» WHAT TO PRODUCE: What lines in the records below mention "Kaurismäki"? List them all.

[Opening DATA EXTRACT section]

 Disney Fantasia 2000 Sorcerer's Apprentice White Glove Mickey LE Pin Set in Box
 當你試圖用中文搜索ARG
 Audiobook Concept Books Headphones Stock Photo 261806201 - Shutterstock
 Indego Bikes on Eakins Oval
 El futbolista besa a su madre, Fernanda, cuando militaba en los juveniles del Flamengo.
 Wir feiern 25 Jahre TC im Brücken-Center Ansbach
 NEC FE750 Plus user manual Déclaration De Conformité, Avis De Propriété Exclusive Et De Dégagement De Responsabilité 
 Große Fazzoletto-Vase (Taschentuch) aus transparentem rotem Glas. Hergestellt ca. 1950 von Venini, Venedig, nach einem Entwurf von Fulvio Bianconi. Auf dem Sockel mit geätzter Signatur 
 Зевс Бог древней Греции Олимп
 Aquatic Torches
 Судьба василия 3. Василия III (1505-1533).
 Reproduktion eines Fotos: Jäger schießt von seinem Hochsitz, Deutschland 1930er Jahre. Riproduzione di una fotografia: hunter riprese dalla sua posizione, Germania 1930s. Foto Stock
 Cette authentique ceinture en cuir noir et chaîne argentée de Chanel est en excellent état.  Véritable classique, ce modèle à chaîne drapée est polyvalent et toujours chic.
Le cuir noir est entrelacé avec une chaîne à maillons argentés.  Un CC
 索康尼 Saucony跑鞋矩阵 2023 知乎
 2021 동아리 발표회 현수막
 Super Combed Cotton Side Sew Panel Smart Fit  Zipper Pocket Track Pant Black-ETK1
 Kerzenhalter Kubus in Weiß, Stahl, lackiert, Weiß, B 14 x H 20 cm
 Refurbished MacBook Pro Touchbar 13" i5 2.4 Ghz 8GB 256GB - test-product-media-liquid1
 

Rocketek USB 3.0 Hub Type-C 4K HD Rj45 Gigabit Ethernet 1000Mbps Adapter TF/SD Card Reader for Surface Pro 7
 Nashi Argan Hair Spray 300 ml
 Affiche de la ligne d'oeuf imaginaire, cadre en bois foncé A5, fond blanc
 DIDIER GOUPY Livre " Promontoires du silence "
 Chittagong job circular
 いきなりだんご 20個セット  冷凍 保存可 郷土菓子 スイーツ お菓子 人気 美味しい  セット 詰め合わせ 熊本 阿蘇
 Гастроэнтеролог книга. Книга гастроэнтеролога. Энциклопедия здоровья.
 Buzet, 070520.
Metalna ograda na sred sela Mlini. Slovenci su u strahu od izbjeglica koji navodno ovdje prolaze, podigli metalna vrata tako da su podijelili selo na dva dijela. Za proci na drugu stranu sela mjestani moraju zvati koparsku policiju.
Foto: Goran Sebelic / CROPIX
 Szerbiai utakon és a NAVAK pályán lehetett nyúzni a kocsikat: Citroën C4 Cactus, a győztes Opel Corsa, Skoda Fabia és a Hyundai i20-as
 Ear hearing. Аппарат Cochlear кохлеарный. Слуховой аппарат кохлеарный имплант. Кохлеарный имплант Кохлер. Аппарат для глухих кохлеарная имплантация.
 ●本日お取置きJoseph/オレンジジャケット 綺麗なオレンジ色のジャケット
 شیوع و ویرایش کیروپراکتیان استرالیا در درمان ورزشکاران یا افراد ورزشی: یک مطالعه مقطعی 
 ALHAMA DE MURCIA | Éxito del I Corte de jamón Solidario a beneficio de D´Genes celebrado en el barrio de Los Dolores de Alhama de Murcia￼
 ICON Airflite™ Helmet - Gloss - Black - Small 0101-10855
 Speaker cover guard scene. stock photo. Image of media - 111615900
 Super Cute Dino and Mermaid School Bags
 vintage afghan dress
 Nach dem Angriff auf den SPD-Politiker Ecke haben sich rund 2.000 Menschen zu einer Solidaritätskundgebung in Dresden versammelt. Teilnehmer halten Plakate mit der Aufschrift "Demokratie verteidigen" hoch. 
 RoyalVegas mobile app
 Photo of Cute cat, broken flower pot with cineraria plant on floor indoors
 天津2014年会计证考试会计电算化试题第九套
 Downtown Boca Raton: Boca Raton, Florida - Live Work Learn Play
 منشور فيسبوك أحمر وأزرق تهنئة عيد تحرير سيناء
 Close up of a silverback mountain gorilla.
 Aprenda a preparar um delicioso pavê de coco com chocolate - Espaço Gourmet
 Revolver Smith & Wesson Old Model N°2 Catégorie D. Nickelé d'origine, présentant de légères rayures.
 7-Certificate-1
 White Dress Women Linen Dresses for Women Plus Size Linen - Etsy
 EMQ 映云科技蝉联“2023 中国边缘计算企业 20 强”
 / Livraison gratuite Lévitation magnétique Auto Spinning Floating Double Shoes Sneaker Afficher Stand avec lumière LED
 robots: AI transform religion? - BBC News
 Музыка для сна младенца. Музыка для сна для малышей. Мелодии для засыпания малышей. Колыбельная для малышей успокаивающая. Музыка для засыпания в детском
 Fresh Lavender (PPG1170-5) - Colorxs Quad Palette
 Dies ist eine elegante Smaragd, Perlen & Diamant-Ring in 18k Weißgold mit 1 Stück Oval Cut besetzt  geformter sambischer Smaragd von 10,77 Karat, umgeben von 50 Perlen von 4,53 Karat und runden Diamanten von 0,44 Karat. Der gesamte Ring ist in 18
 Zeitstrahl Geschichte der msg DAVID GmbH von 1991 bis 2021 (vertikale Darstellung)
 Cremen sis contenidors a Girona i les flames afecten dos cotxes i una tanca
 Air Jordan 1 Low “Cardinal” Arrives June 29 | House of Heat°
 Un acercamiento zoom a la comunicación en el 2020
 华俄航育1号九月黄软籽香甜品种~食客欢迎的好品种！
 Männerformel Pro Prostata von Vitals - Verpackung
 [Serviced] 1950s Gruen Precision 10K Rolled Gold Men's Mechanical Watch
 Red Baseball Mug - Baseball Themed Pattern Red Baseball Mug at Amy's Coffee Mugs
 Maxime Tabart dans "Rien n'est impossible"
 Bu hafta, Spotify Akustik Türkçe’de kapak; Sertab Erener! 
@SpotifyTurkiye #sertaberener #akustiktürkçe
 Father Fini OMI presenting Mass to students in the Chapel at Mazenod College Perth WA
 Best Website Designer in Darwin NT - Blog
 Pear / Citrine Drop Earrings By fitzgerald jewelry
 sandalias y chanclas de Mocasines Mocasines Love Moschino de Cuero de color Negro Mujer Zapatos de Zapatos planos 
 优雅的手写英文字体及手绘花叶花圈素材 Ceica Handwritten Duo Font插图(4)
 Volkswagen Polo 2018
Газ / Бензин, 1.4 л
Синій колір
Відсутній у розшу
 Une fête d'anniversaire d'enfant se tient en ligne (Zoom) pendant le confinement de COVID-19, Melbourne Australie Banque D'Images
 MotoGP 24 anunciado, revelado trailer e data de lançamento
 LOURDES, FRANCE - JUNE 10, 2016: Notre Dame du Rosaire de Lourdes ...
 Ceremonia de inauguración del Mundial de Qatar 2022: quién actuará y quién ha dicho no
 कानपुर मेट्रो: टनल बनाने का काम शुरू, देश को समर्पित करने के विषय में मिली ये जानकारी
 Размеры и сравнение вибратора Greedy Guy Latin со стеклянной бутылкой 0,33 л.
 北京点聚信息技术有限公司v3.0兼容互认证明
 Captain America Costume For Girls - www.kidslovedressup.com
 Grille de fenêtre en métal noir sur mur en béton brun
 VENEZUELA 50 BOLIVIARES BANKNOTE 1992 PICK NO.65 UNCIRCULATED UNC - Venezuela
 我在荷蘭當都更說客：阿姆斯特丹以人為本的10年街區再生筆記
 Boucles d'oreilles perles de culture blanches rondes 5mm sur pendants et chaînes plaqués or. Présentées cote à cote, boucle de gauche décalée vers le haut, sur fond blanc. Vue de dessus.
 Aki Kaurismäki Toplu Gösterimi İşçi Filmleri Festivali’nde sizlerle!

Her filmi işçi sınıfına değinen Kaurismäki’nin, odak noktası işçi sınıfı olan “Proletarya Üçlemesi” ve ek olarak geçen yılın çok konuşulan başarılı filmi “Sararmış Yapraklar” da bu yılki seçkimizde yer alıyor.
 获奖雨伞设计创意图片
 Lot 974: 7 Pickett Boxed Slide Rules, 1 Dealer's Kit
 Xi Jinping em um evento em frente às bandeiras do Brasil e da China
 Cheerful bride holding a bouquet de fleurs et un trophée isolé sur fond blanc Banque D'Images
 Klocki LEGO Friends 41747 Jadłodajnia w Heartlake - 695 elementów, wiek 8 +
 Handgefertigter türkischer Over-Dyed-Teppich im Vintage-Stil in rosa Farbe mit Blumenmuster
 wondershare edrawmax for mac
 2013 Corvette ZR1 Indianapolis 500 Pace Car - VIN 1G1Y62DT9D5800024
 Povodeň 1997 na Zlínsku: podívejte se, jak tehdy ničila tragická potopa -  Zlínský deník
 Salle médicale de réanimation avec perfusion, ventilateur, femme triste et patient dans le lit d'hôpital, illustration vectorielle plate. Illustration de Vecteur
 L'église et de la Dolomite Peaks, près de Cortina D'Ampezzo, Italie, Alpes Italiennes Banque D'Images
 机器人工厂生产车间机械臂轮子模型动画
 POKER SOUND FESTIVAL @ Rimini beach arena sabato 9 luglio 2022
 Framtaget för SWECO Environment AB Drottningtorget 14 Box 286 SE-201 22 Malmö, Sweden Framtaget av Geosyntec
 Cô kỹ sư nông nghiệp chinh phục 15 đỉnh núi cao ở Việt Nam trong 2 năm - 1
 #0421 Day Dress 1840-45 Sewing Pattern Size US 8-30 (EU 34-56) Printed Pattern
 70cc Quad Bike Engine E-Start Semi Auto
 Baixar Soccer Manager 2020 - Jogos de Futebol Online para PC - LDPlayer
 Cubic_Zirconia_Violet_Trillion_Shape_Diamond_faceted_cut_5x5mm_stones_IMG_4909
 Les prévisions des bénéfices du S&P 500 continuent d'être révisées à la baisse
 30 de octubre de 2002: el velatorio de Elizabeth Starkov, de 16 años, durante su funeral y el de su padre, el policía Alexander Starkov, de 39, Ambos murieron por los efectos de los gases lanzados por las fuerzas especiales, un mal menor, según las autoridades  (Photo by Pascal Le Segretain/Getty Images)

[Closing DATA EXTRACT section]

» SOLUTION TO THE EXERCISE:
 Aki Kaurismäki Toplu Gösterimi İşçi Filmleri Festivali’nde sizlerle!
Her filmi işçi sınıfına değinen Kaurismäki’nin, odak noktası işçi sınıfı olan “Proletarya Üçlemesi” ve ek olarak geçen yılın çok konuşulan başarılı filmi “Sararmış Yapraklar” da bu yılki seçkimizde yer alıyor.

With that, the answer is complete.